Eu nunca soube o nome da rua do bar do seu Zé, mas para se entrar nela é preciso caminhar pela Rua do Catete ali pela altura da delegacia legal que, apesar disso, é a parte mais escura, sombria e, talvez, perigosa, do bairro. O ônibus, que me levara até lá, já havia me feito o favor de parar não só fora do ponto mas a poucos metros de um grupo um tanto suspeito no meio da calçada. Para entrar na rua eu tinha que passar por esse grupo e à nossa volta não existia mais nada. A rua estava escura e ninguém mais se aventurava caminhar por ali. Era eu e eles, e eles já haviam percebido o meu dilema. Tenho mesmo a impressão de ter ouvido um começo de caçoagem direcionado a mim.
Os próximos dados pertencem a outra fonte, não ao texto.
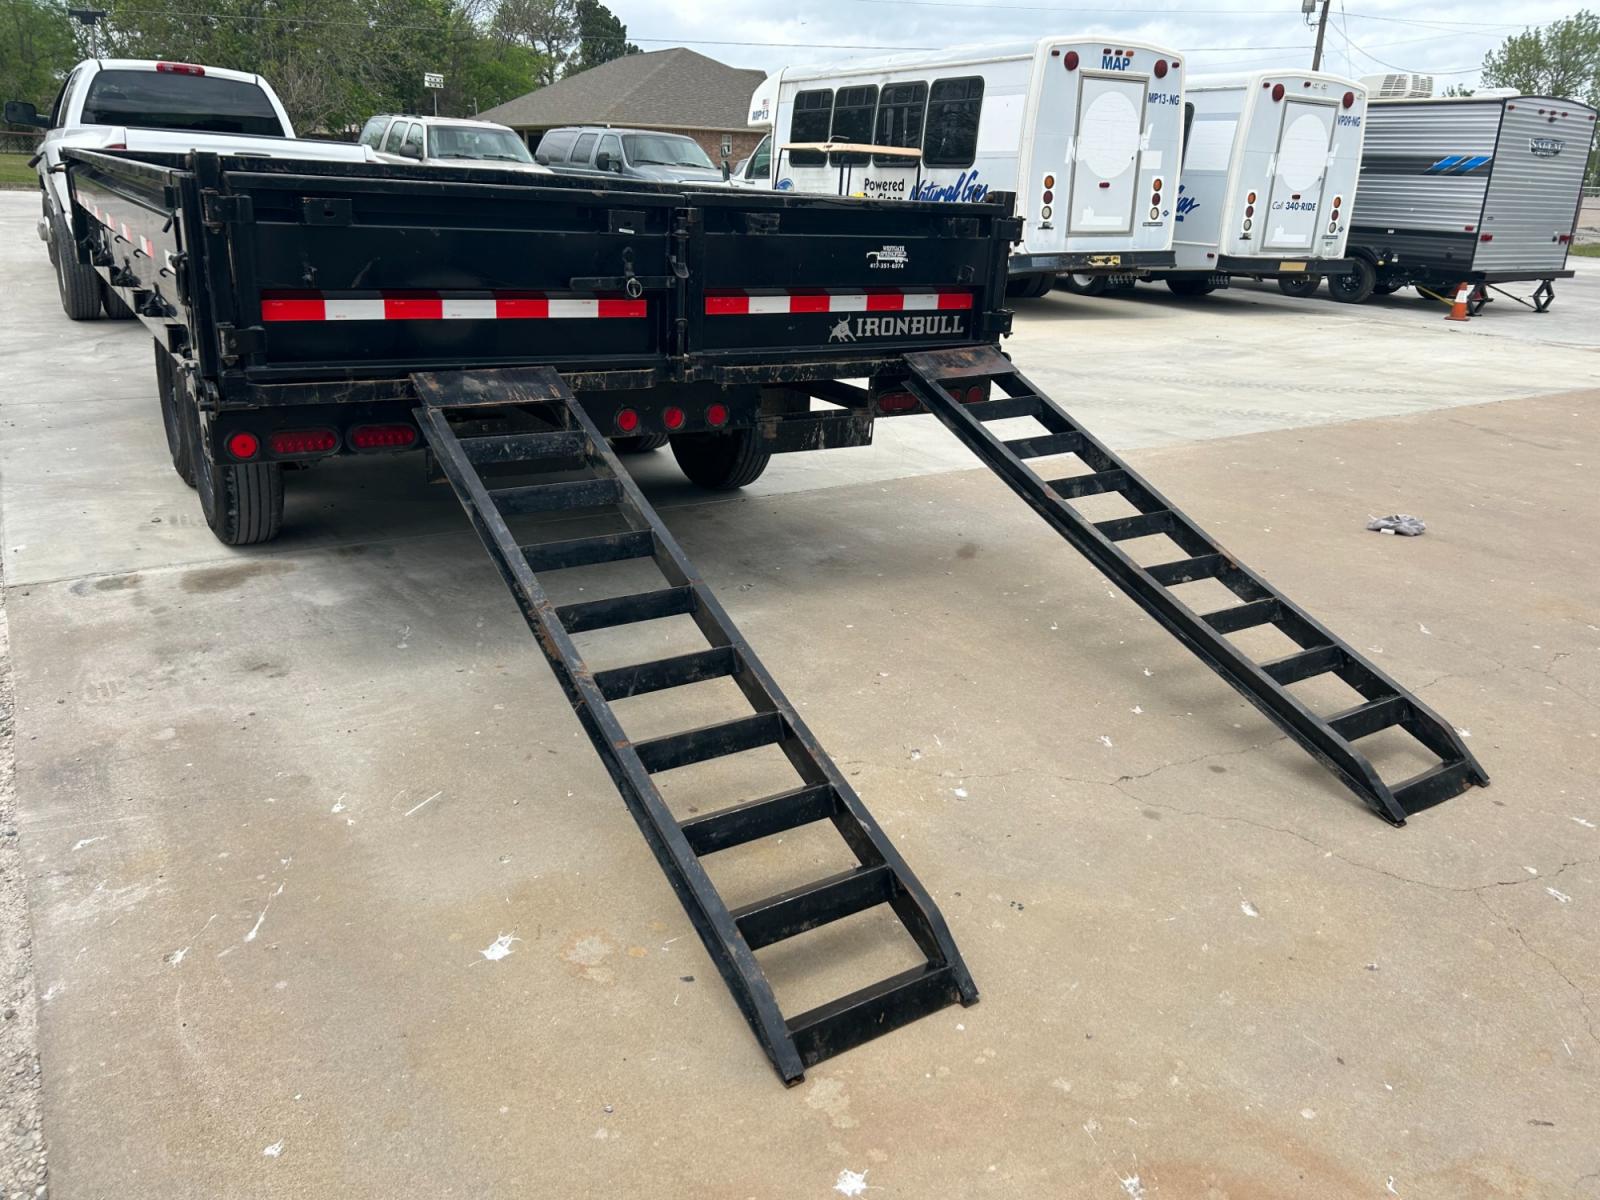 2022 BLACK IRONBULL DUMP TRAILER DUMPBED (50HDP1620N1) , located at 17760 Hwy 62, Morris, OK, 74445, 35.609104, -95.877060 - 2022 deckover dumps offer a raised deck (above the tires) to accommodate 10 gauge fold down sides and a bed width of 96”. The deckover is equipped standard with 10” I beam frame. 3” channel crossmembers span the 10 gauge smooth steel floor. 2 5/16” couplers are equipped standard on each mode - Photo #15

Foi nesse exato momento que um enorme cachorro negro de tom raivoso apareceu do nada e correu em direção ao grupo sinistro, espantando-os de lá. Meu medo, na realidade aumentou. Era só o que faltava, depois de estar a vias de ser assaltada na rua, levar coça de cão raivoso. Quem sabe mesmo ser mordida, quem sabe mesmo estilhaçada como nos casos dos ataques de pit bulls que lemos no jornal. Aquele cachorro não parecia ser de uma raça dessas notoriamente perigosas mas era, sem dúvida, um vira latas ameaçador. Tremi nas bases me prometendo nunca mais inventar de ir sozinha ao seu Zé à noite, quando o medonho cão correu em minha direção, parou na minha frente, e, inesperadamente, começou a abanar o rabo com aquele olhar abobado tão característico dos vira latas felizes. E, para se certificar que ninguém mais iria mexer comigo, me escoltou até a porta do bar. Como acontecera com cachorro de Laranjeiras, a fera do Catete assim que percebeu que eu chegara ao fim de meu destino segura, deu meia volta e foi embora.
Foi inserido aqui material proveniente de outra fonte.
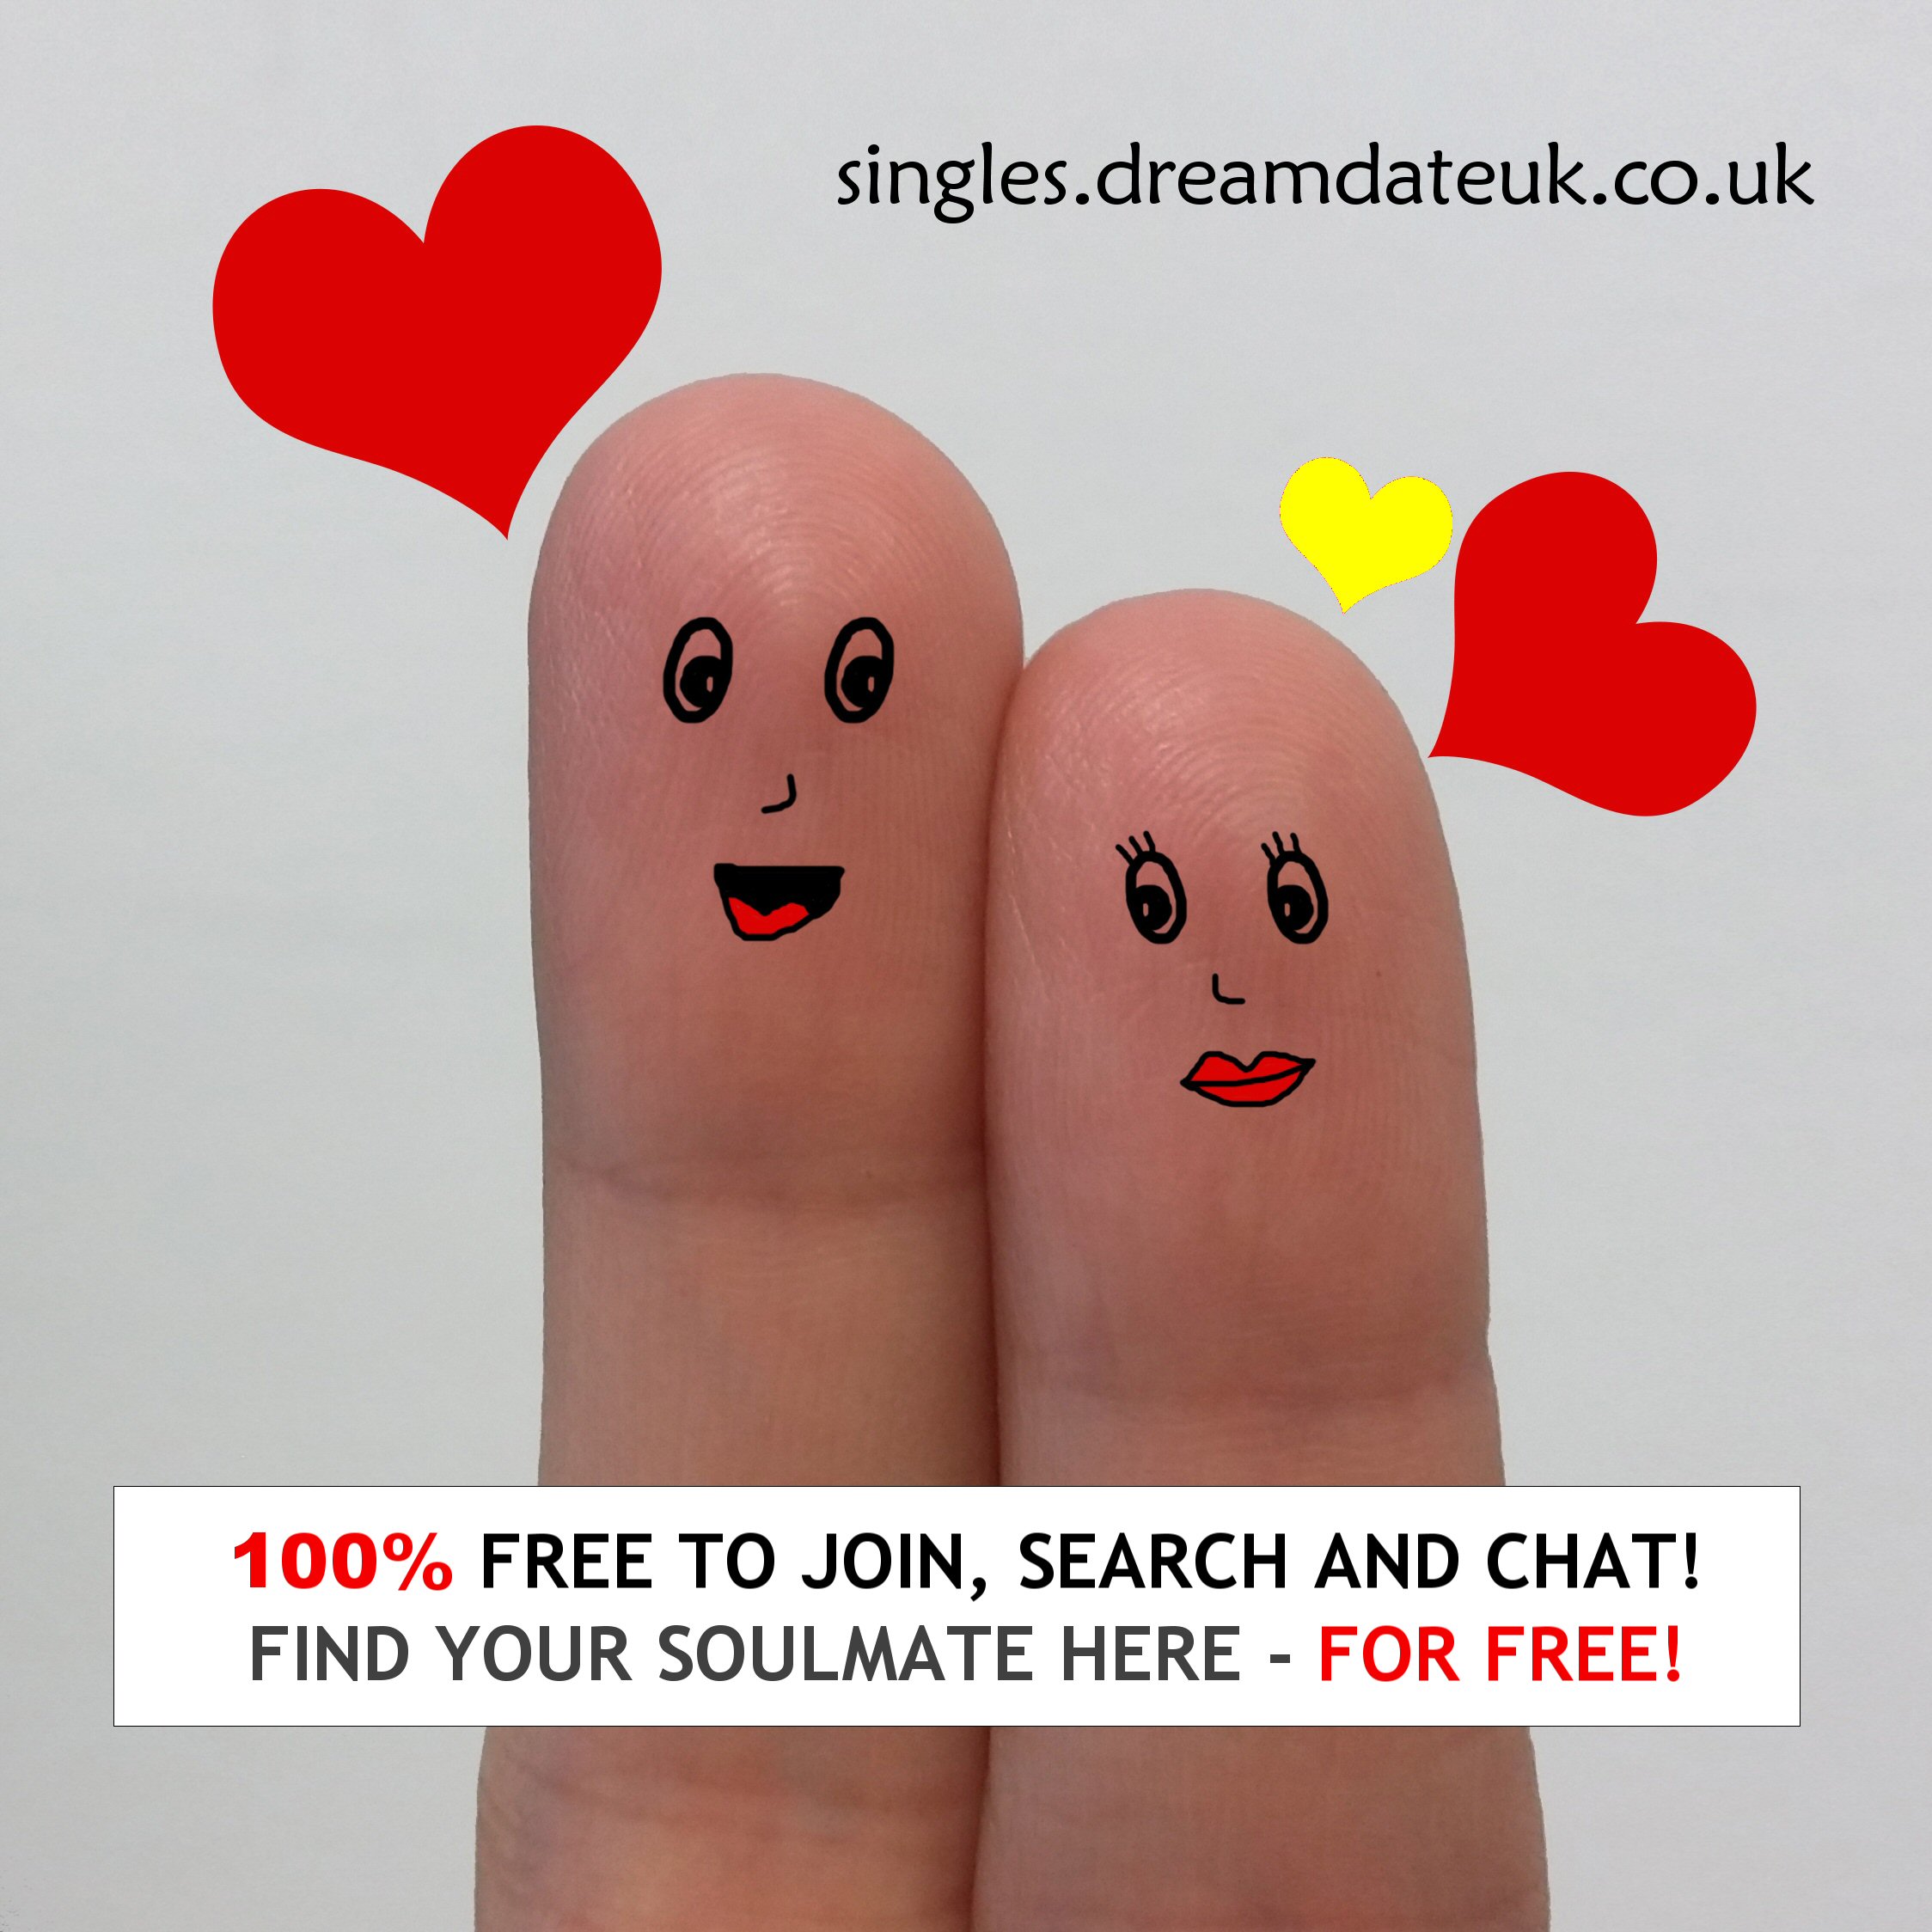 Free singles dating in the UK

É difícil não se emocionar com esse tipo de coisa justamente por ser a demonstração de um ato que entendemos como carinho, simpatia e respeito, vindo de um animal que não pensa e que não fala. Os entusiastas de cachorros que vierem a ler esse texto talvez acharão que uso aqui de um tom preconceituoso, mas como nunca tive nenhuma ligação mais estreita com qualquer tipo de animal, minha linha de raciocínio segue o que aprendi na escola, só o ser humano é bicho racional.

Considerei finalizar essas linhas com uma história sobre crianças, mas acho que juntar velho, animal e criança num só texto poderá ser demais ate mesmo para mim. Quero voltar, num futuro próximo, a esse tema dos acasos proporcionando ternura, mas prometo que as histórias que seguirão esses relatos irão partir de princípios mais maduros e menos óbvios.
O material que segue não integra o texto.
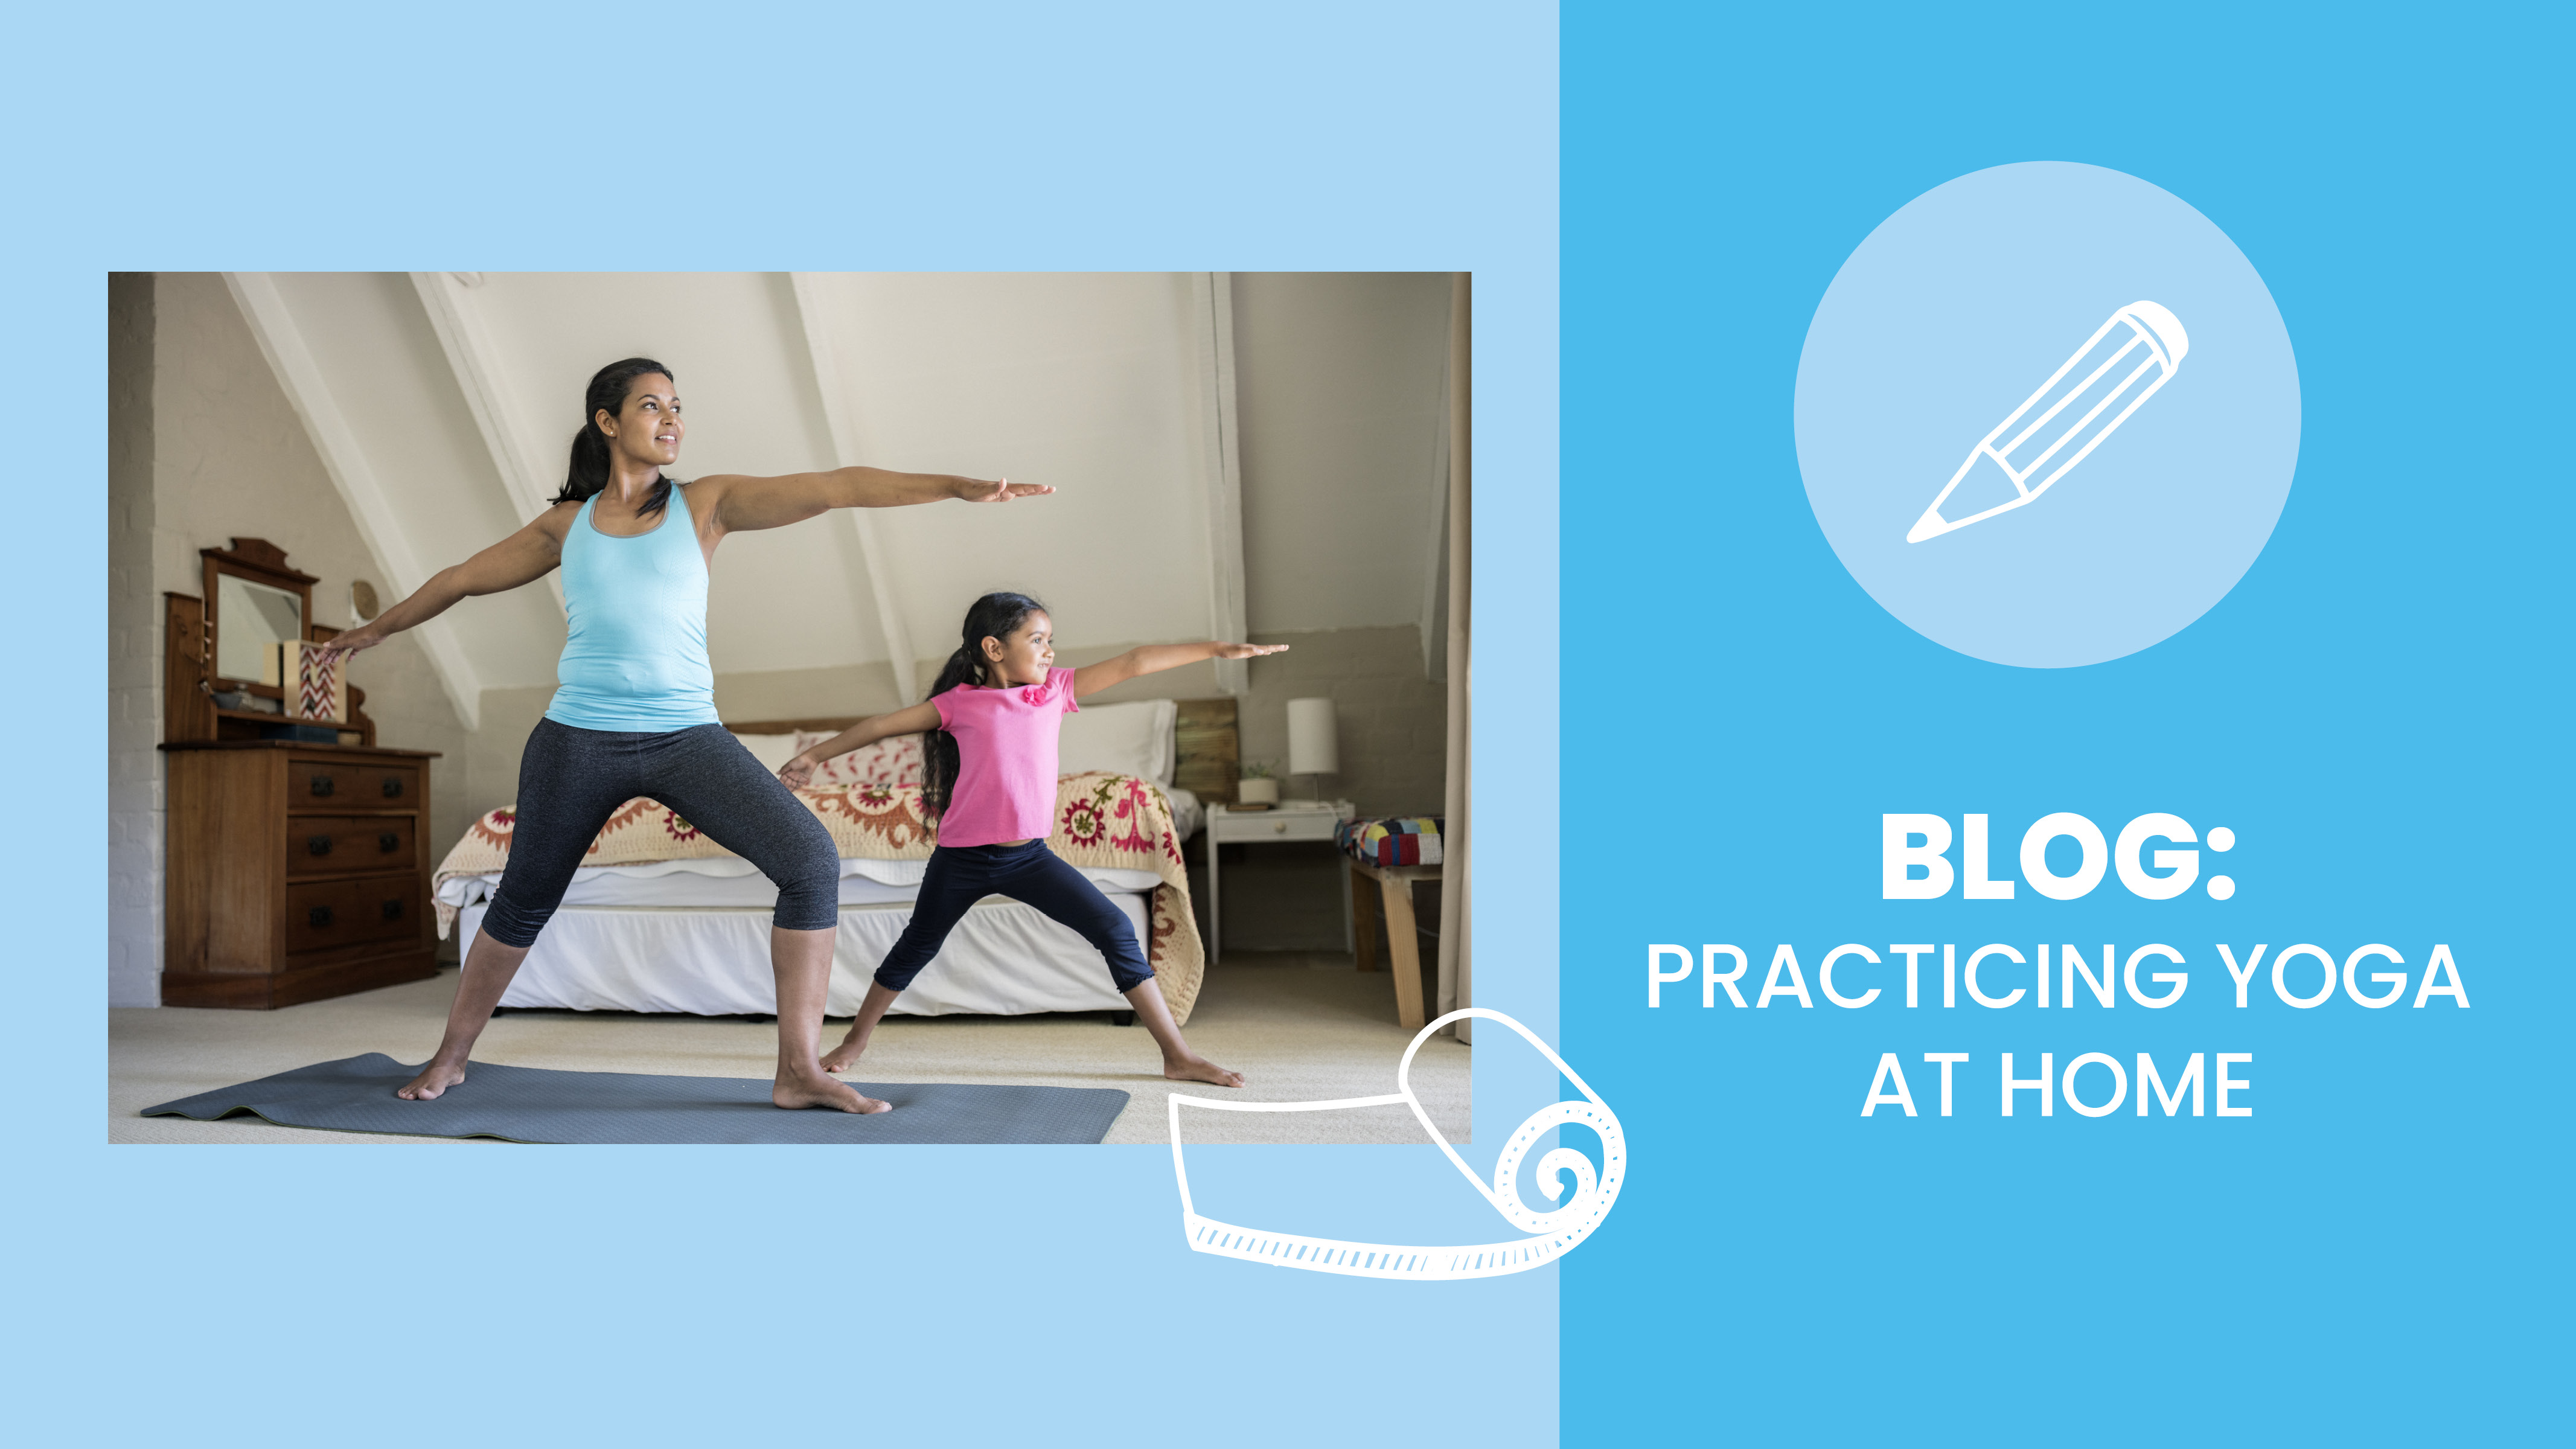 Adult female and child practicing yoga on mats - Sanford fit

Antes de dar o ponto final, gostaria de voltar a meu amigo D. e a Aliocha. Dias desses conheci no Princesa da Lapa um velho caquético que tinha como companheiro fiel um cachorro tão velho quanto ele. O velho ficava na mesa, sorvendo lentamente uma bebida quente, enquanto o cachorro permanecia deitado, como que esquentando o pé do dono. Lá pelas tantas a mesa vizinha ofereceu ao cão um resto de carne aperitivo da mesa e o cachorro, em alvoroço, aceitou não só o presente como os afagos das meninas que haviam lhe presenteado. O velho, vendo que o cachorro começava a se afeiçoar a outros não tardou a ralhar: Bruno! Volte menino! – ao que o cachorro imediatamente obedeceu. Me lembrei imediatamente do primeiro capítulo do romance que meu amigo se deliciava. Humilhados e Ofendidos começa com um velho e seu cão numa postura por demais parecida àquela que eu presenciava com Bruno e seu dono. No livro os dois eram muito velhos e morriam praticamente juntos, como se um estivesse apenas esperando o outro desistir. Vendo agora os personagens do bar da Lapa, eu tinha a impressão que o mesmo aconteceria com eles e não tive como não me lembrar carinhosamente do livro, de D./ Aliocha, dos velhos, dos cachorros, e de como ler Dostoievski emociona e faz manter os olhos abertos para a possibilidade de tantos outros acasos que ainda estão por vir.